In order to evaluate whether any of the methods perform consistently better than the other, we use a 10-fold stratified cross validation. The G-Mean and AUC results are presented respectively in Table 2 and Table 3. The two tables indicate that our approach MC-EVHS consistently produced the best results, in terms of G-Mean and AUC, when applying to these benchmarking datasets. Our proposal obtains the highest metric in 5 out of 7 datasets for both G-Mean and AUC. We can notice that all performances deteriorates with the increase of noise and overlap present in the dataset. However, our approach performed significantly better in datasets where there are many difficult-to-classify objects, in a consistent manner. It is safe to say that our approach is robust when applied on complex datasets.

The results for Wilcoxon’s pairwise test are shown in Table 4. \(R+\) represents the sum of ranks in favor of MC-EVHS, \(R-\), the sum of ranks in favor of the reference methods, and exact p-values are calculated for each comparison. All pairwise comparisons can be considered as statistically significant with a level of \(5\%\) since all p-values are lower than the threshold 0.05. Thus, we can safely say that our method performed significantly better than MDO, Static-SMOTE, and SMOTE-MC.
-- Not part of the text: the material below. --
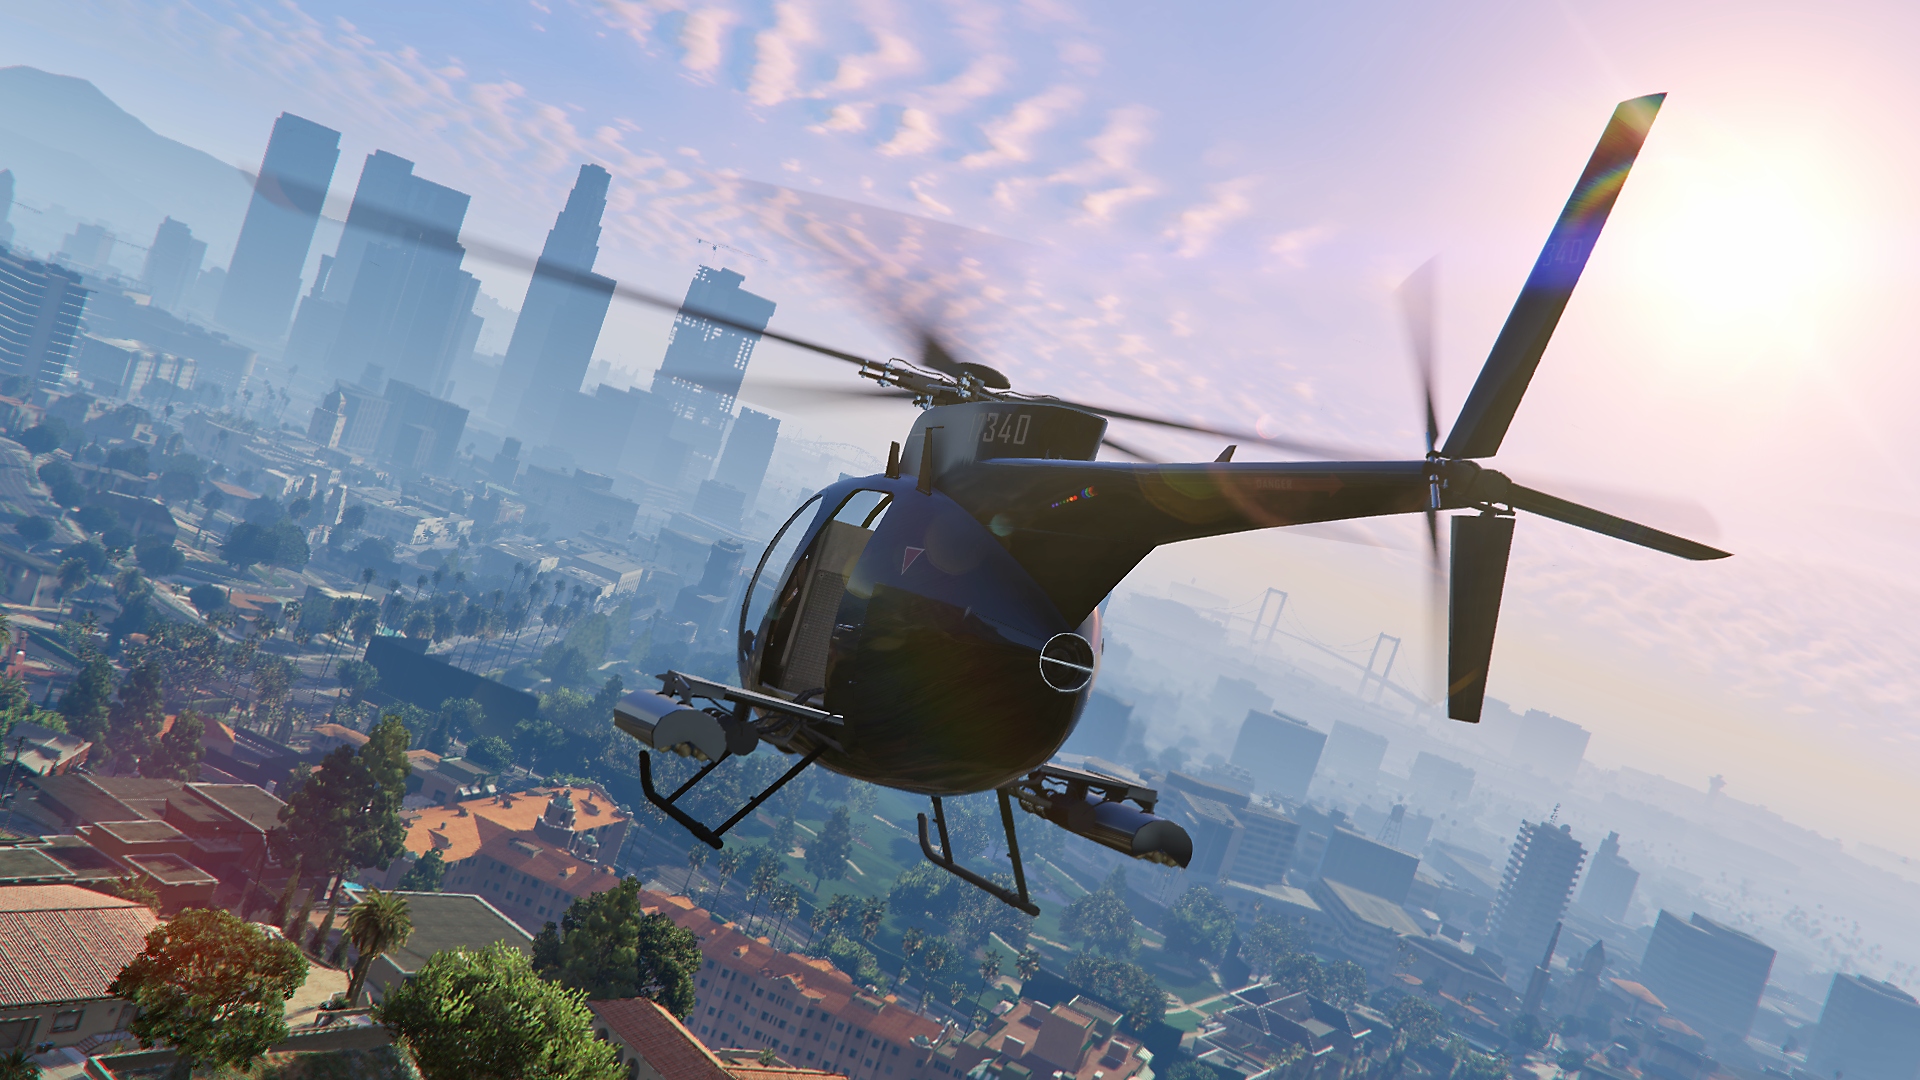 Capture d'écran de Grand Theft Auto V - hélicoptère en plein vol, avec la ville en arrière-plan

Table 2. G-Mean results for KEEL datasets using CART.
Table 3. AUC results for KEEL datasets using CART.
Table 4. Pairwise comparisons of obtained G-Mean and AUC scores based on Wilcoxon’s signed ranks test.

5 Conclusion

The aim of this paper was to specifically develop an approach for handling multi-class imbalanced datasets. Our method MC-EVHS can exploit the computed evidential memberships to better choose the locations for oversampling minority classes, and improve the selection of objects to eliminate in the undersampling phase. Evidence theory is an ideal tool in this case to express the different data difficulties that could be present in the dataset, i.e., class overlap, label noise and outliers. The conducted experiments confirmed the effectiveness of our proposed method and on the basis of a thorough statistical analysis, we may confirm that MC-EVHS performed significantly better than some popular methods. Further, the combination of undersampling and oversampling paired with evidential memberships, can reduce the multi-class imbalance problem, without excessive use of re-sampling.

As future work, we propose to investigate the wider applicability of MC-EVHS with very large datasets and extreme levels of imbalance.